Seeking Experts to Open Doors

By Mariam Williams

In September, several members of the Chronicling Resistance steering committee attended the Annual Meeting of the Greater Philadelphia Cultural Alliance. There we heard a keynote address from Nina Simon, Executive Director of the Santa Cruz Museum of Art & History and author of The Participatory Museum and The Art of Relevance.

Based on her second book, Simon’s keynote address (much like this TEDx Talk) gave leaders of various organizations and institutions a crash course in “how to invite people outside of their traditional circles, into that thing that matters to [them].” In other words, she answered the following question: how do you make a place, issue, cause, art form, business, etc. relevant to people who currently, for whatever reason, don’t care about it, don’t know it exists, or don’t think it’s of any importance to them?

Who are archives important to? With whom do narratives of resistance resonate? The answers aren’t necessarily two different constituencies, but one group may, to paraphrase Simon, look at the front door to an archival institution and see a systemic lockout while the other may look at the same door and feel like they are about to enter their own home.

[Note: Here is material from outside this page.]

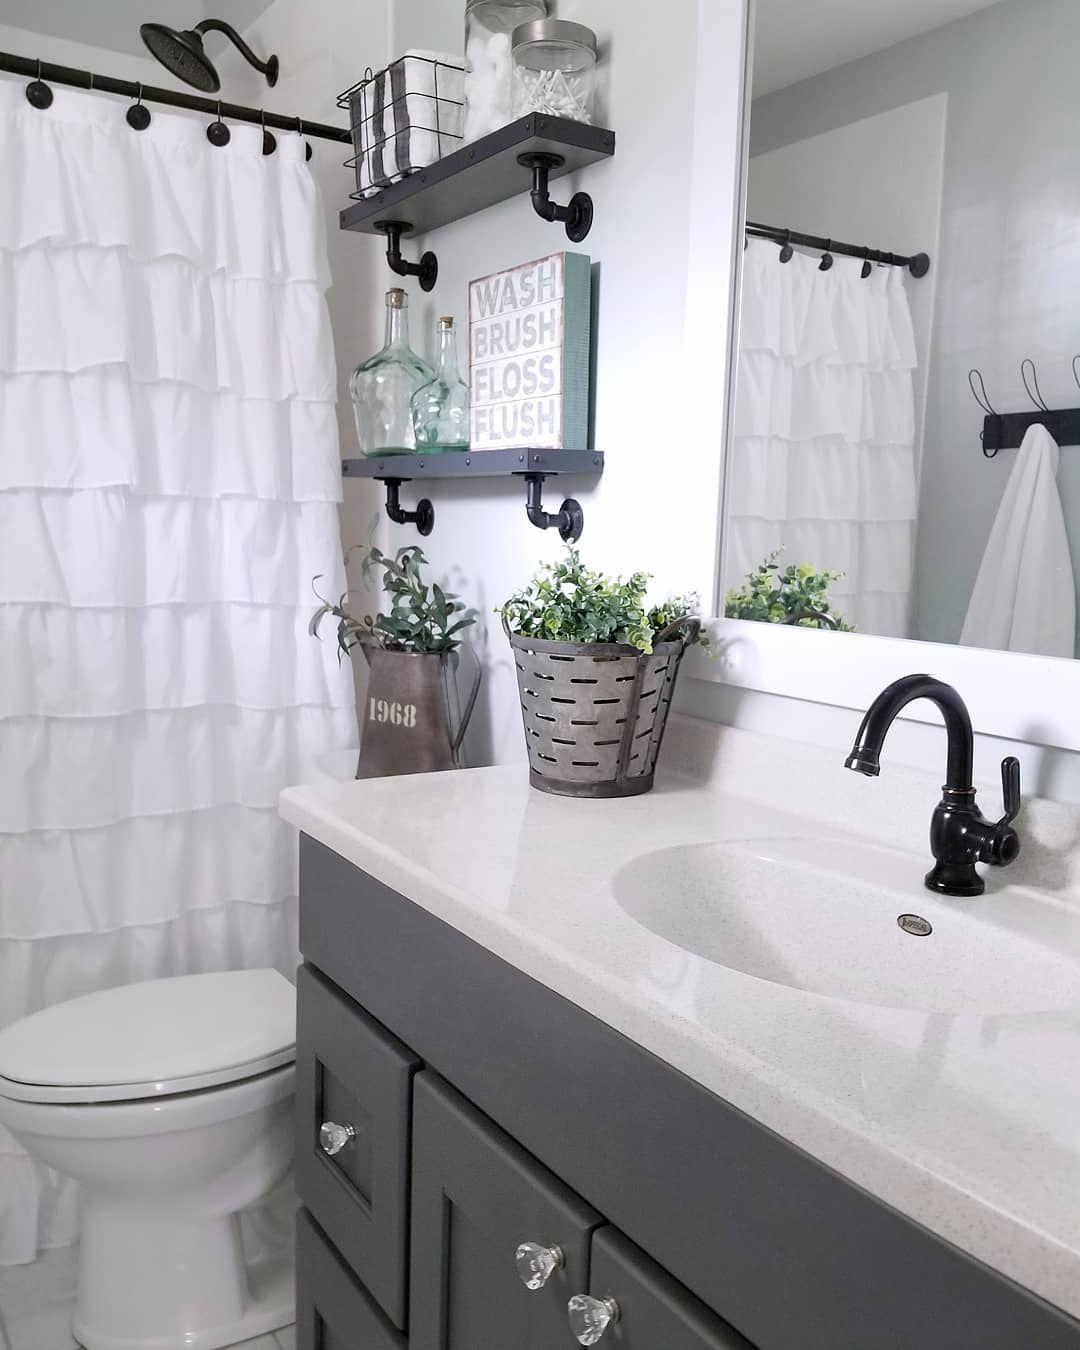 pinterest vsco insta blakeissiah bathroom renovation on bathroom renovation ideas diy id=53896

I’m closer to the latter group. For most of my life, I’ve had the ability to nerd out and go down rabbit holes of documents and files just because it’s interesting. On the other hand, I also know what it’s like to enter a place built in the 1800s and have an archivist who’s certain I don’t know protocols about food, beverages, pens, and bags watch me closely as I do my work. Such an archivist’s behavior (and such necessary rules) aren’t ones everyone can tolerate. But it doesn’t mean the stories inside the archives wouldn’t be important to them if they knew they were there. It may just mean, as Simon suggests, the effort it takes to get into those archives and draw meaning from them isn’t worth it to everyone. And it may mean we have to build a door that they think will be worth going through, a door that opens to something meaningful for them.

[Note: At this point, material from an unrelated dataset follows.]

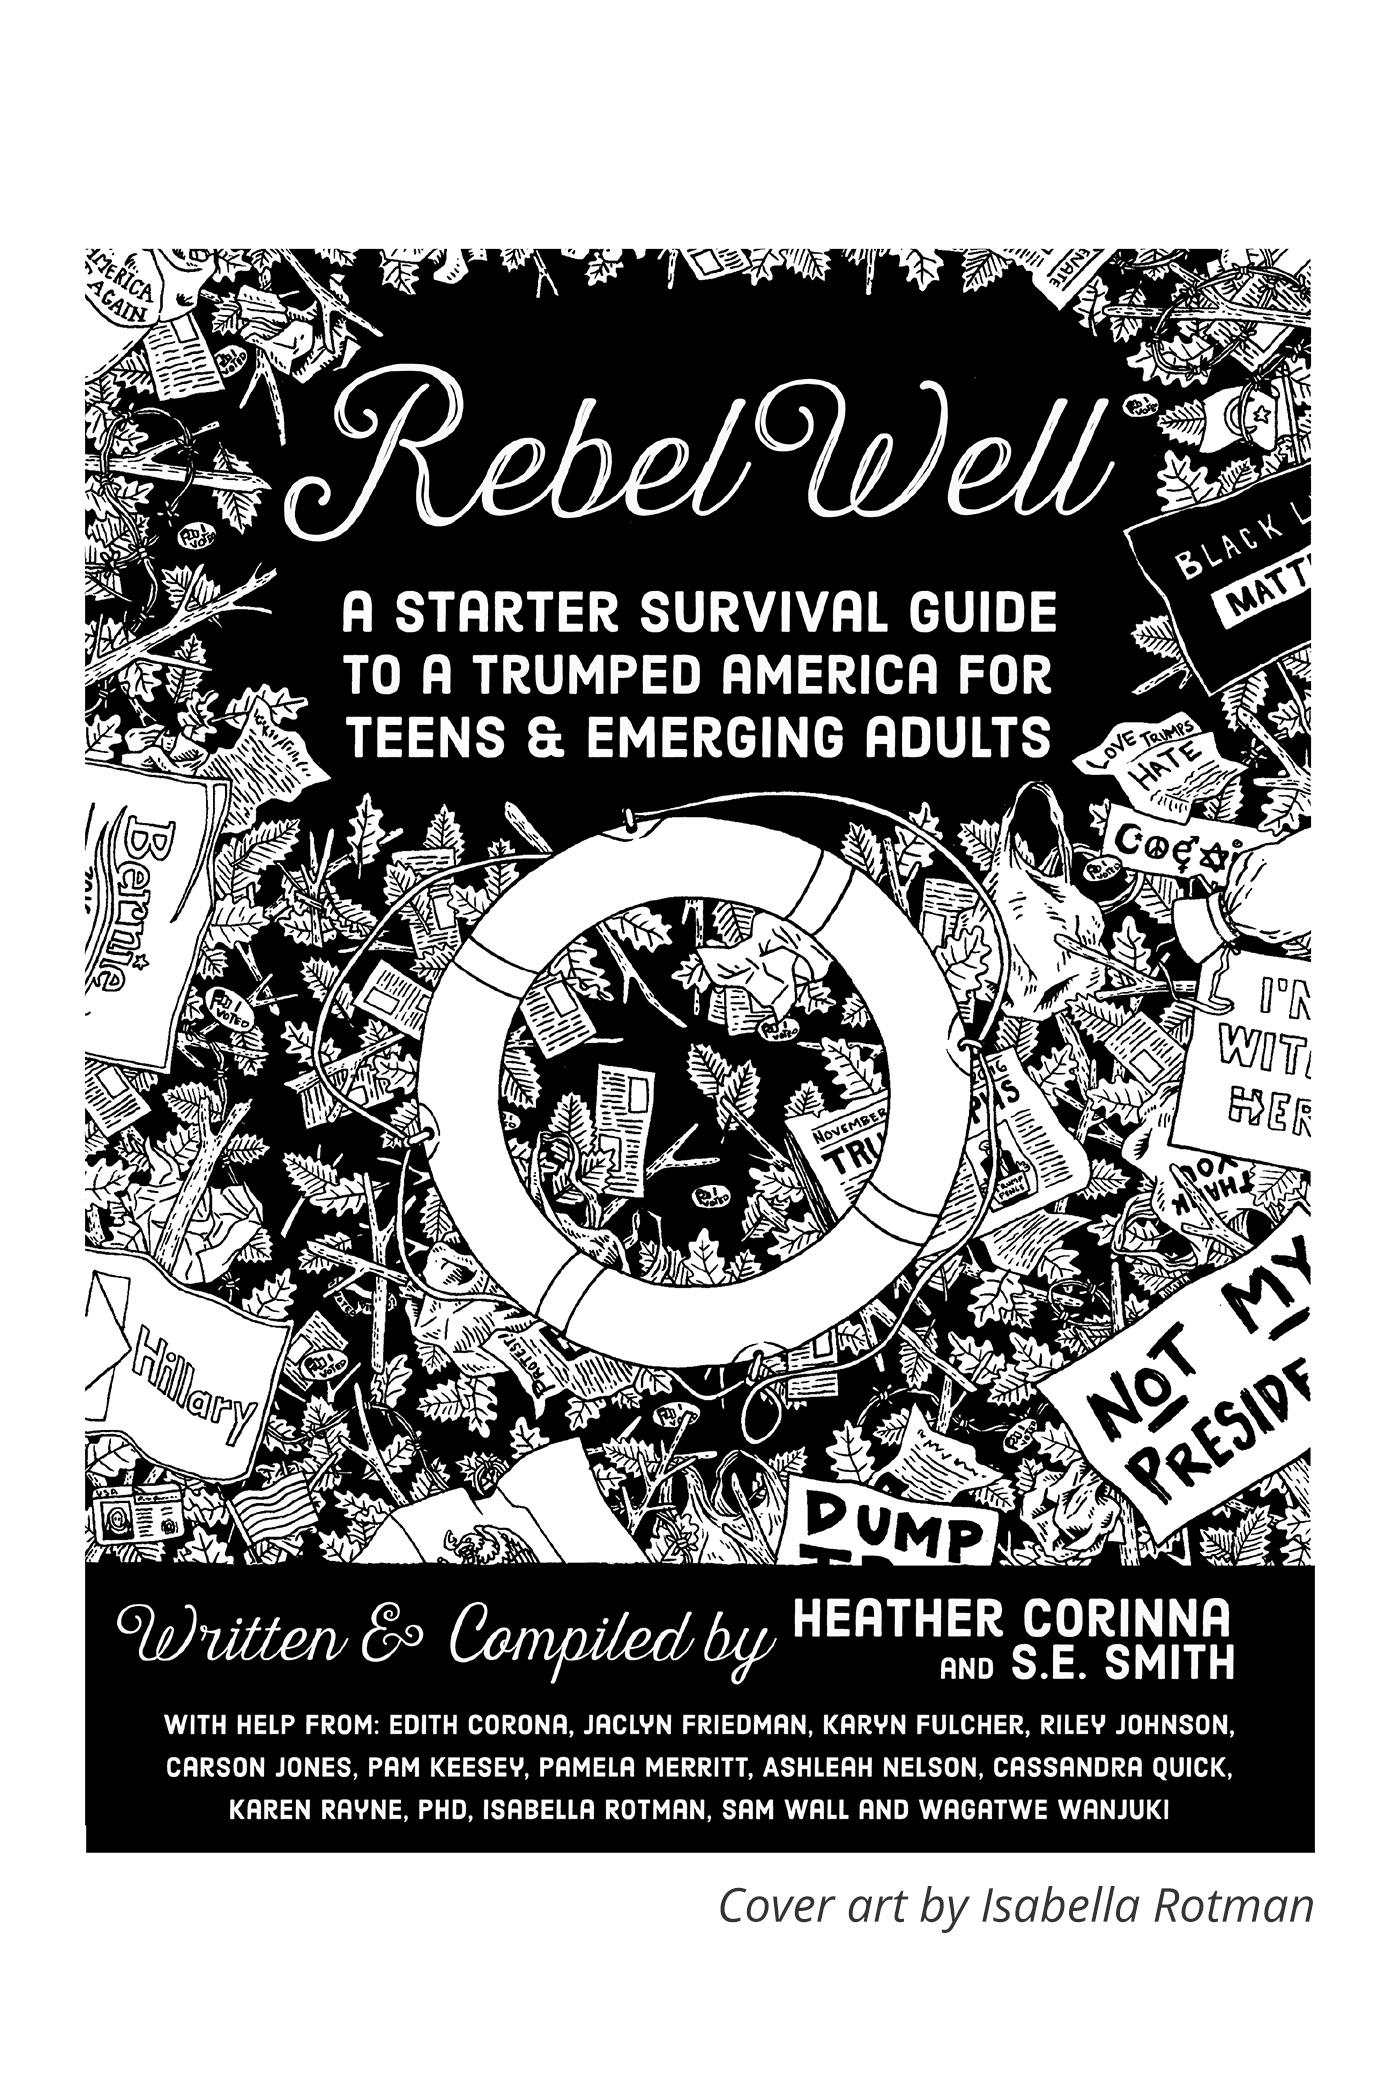 Rebell Well

What does that door look like? What does the invisible “Welcome” mat outside look like? That’s the question I’m wrestling with. With a group of consultants we’re calling Thinking Partners, the Chronicling Resistance staff and steering committee is attempting to construct those doors and welcome mats for communities whose voices of resistance may not have been heard clearly enough by the people who have used the archives to write their stories, and for communities who are still trying to tell their stories in their own ways.

Simon encourages “community-first programming, using a community’s assets and resources to build a project together.” Listening to the community’s wisdom and then adapting existing doors and spaces rather than prescribing what they should look like–because honestly, we don’t know what they should look like. We, the historians, archivists, and academics who are degreed and skilled in what we do are not the experts in this project.

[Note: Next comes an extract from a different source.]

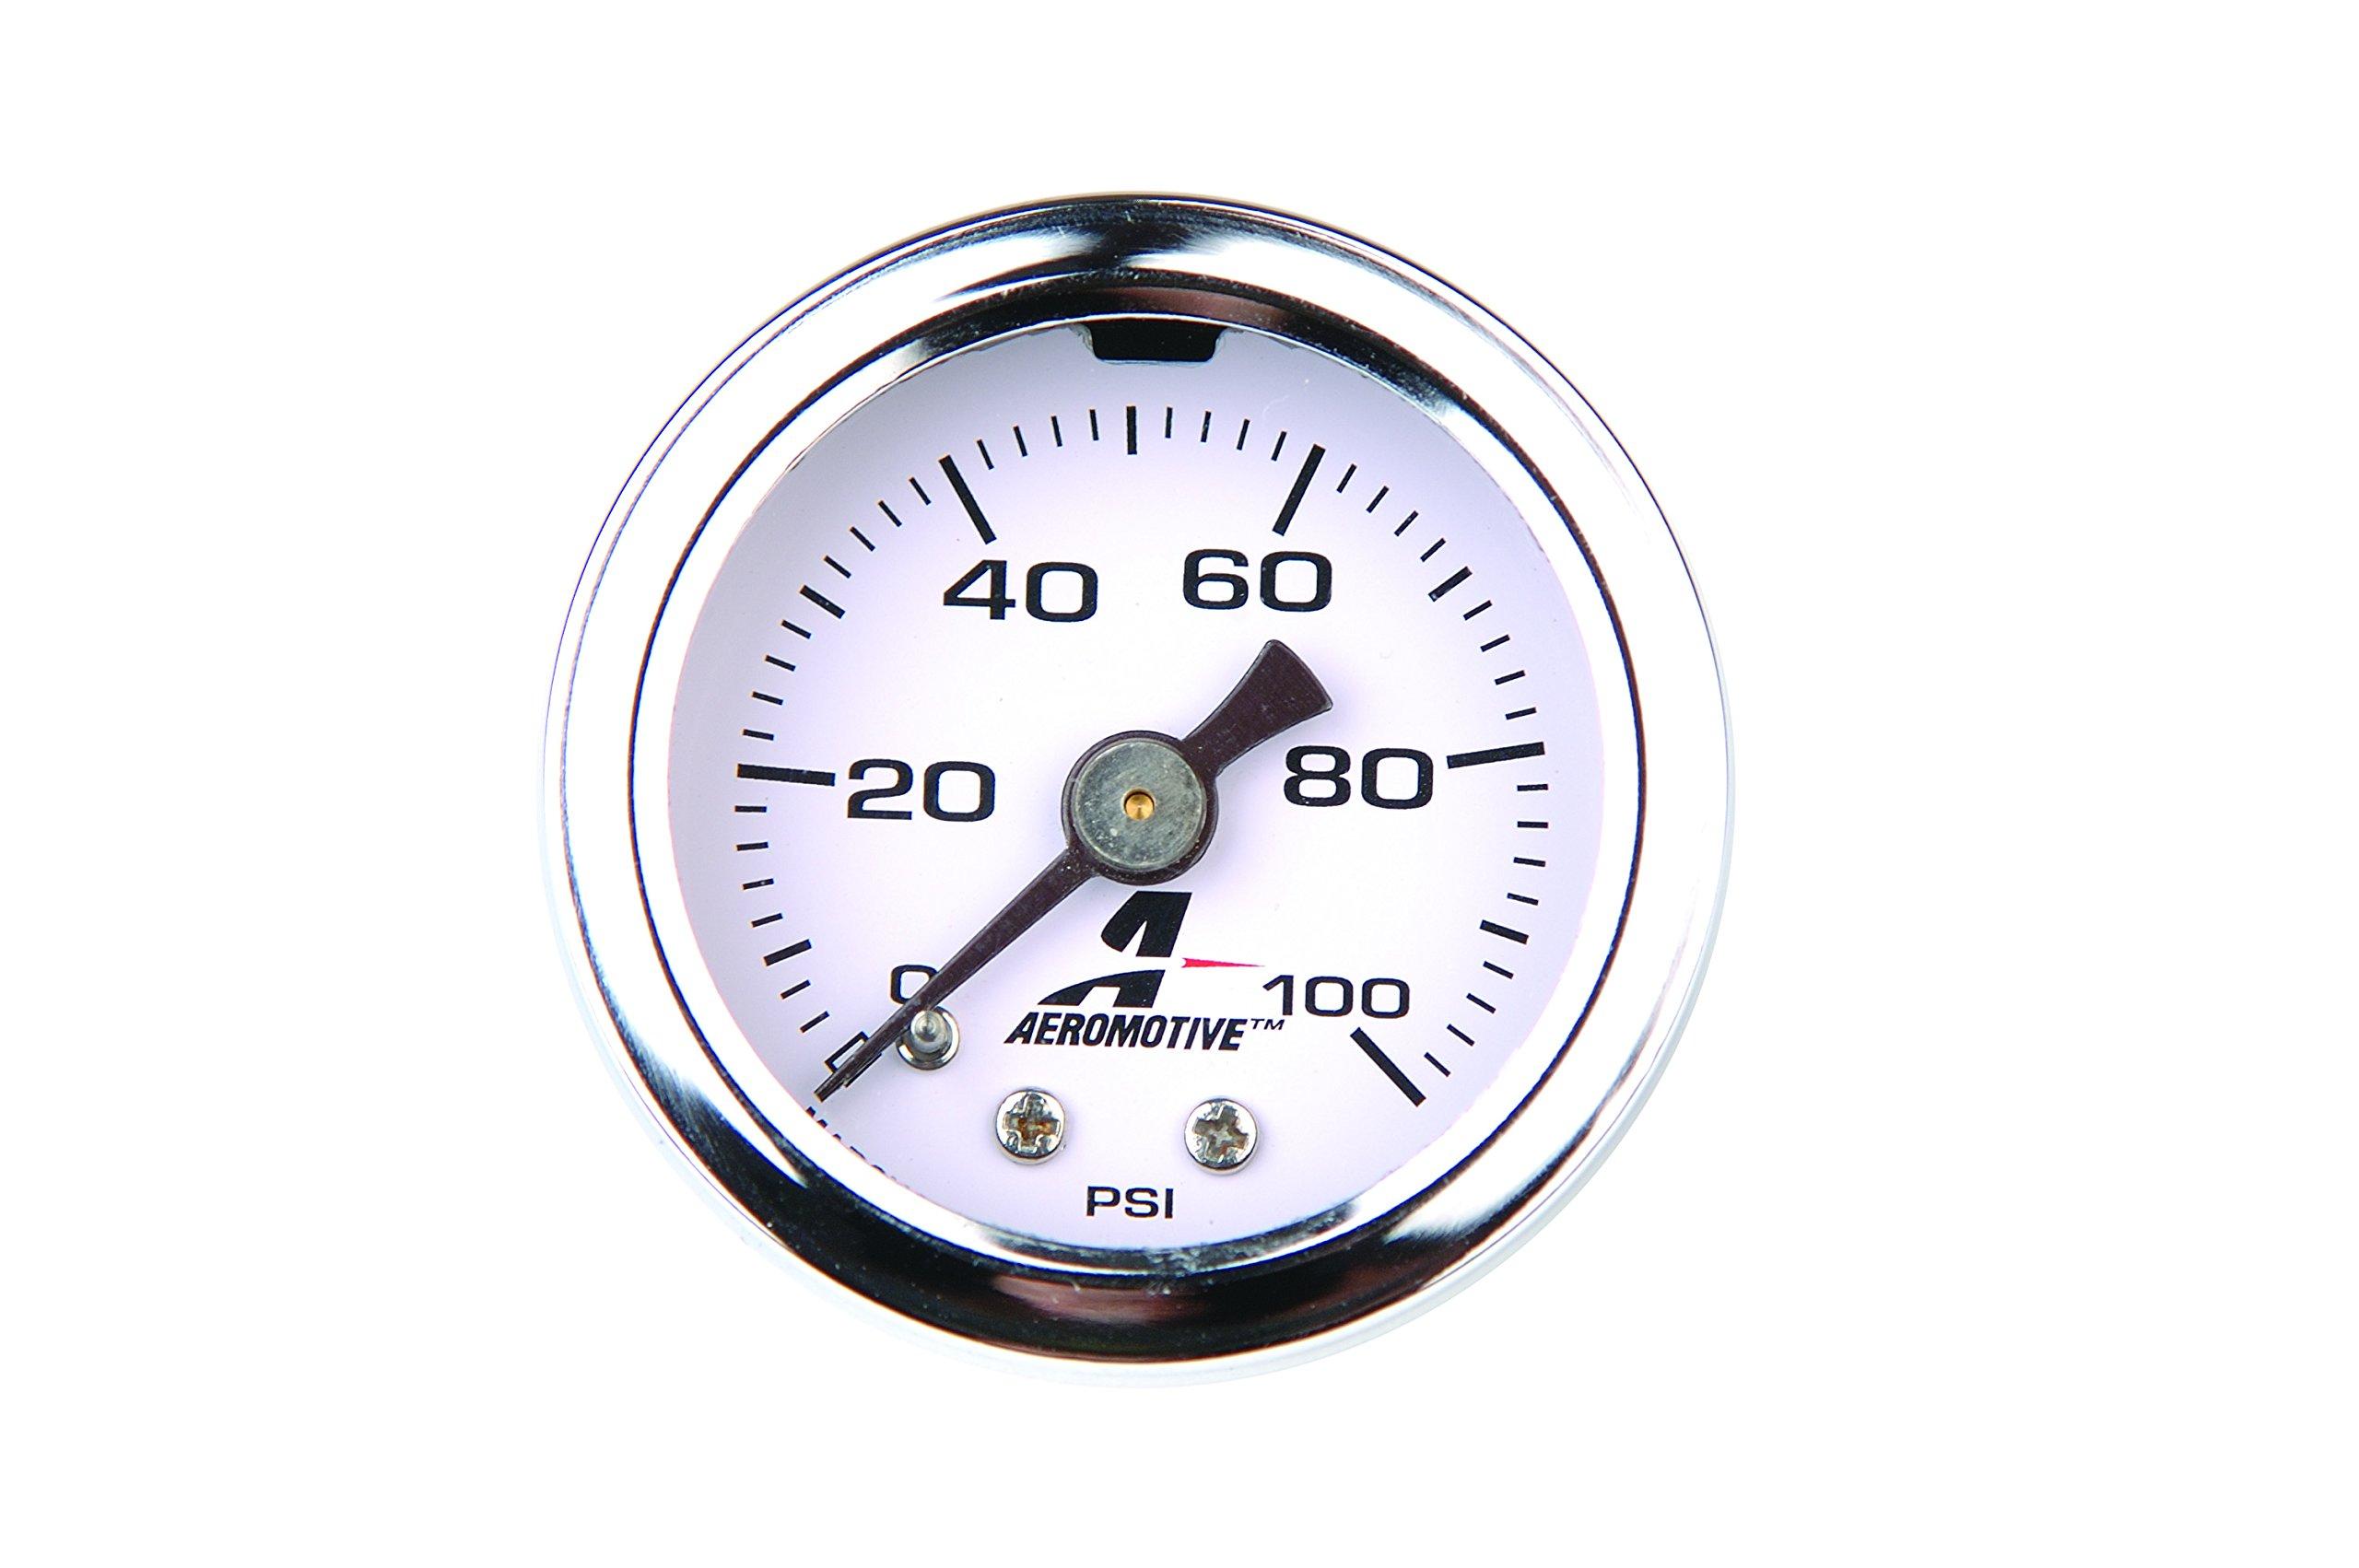 Aeromotive 15633 Fuel Pressure Gauge - 0 to 100 psi by Aeromotive

For the next several months, Chronicling Resistance staff, steering committee members, and consultants will be attempting to construct new doors and welcome mats for communities whose voices of resistance may not have been heard clearly enough by the people who have used the archives to write their stories, and for communities who are still trying to tell their stories in their own ways. I’m excited to look to people whose histories, stories, and contributions often have been undervalued and call them experts.